One of the major symptoms of Ewing sarcoma is swelling around the bone. Patients responding well to chemotherapy witness a reduced swelling and can undergo conservative surgery which minimises the need for limb amputation.
However, if there are cancerous cells remaining in the area following such treatment, it is possible for the tumour to return and worsen the patients’ prognosis. Hence, patients with a high chance of tumour recurrence should undergo additional radiotherapy treatment for increased control of the tumour. Unfortunately, the side effects of radiotherapy (including infection, swelling, stiffness and a risk of secondary radiation-induced malignancies) mean this method of treatment is not routinely used.

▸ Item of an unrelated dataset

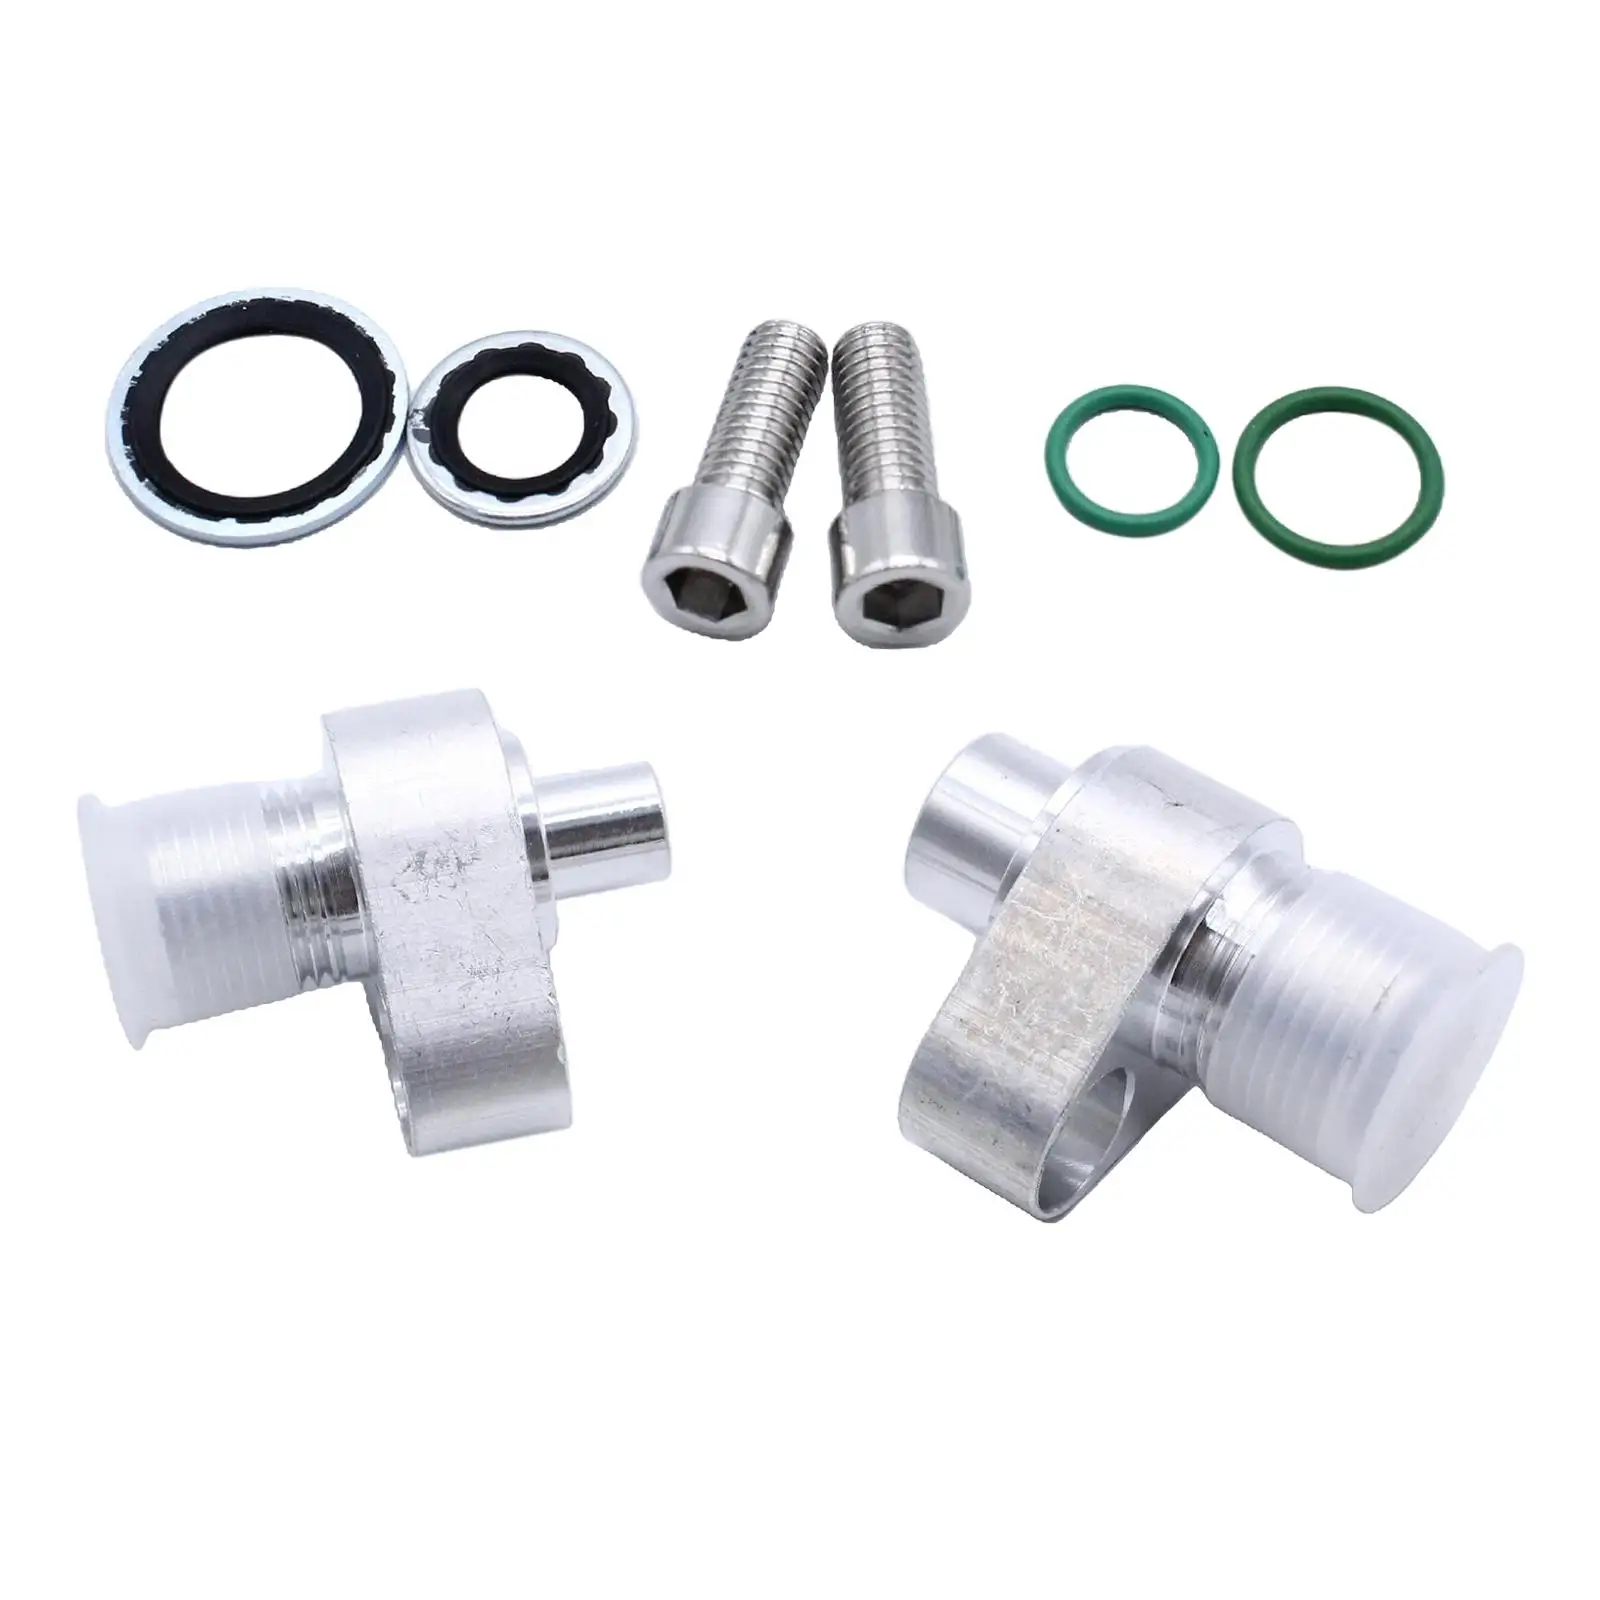 451-1105 cessories  Compressor Connector Adapter Fittings Fit for

This project is investigating whether cancer cells, dead or alive, can be identified in the surrounding tissue of Ewing sarcoma patients who have undergone the surgical removal of the tumour. Using patients’ tumour samples to test for specific cell surface markers and genetic alterations of tumour cells will allow these cells to be recognised. This hopes to identify those patients who are at a higher risk of tumour recurrence and guide the use of radiotherapy to create a better designed treatment plan for individual patients; aiming to limit the side effects of radiotherapy, and the risk of tumour recurrence, while enhancing the patients response to treatment.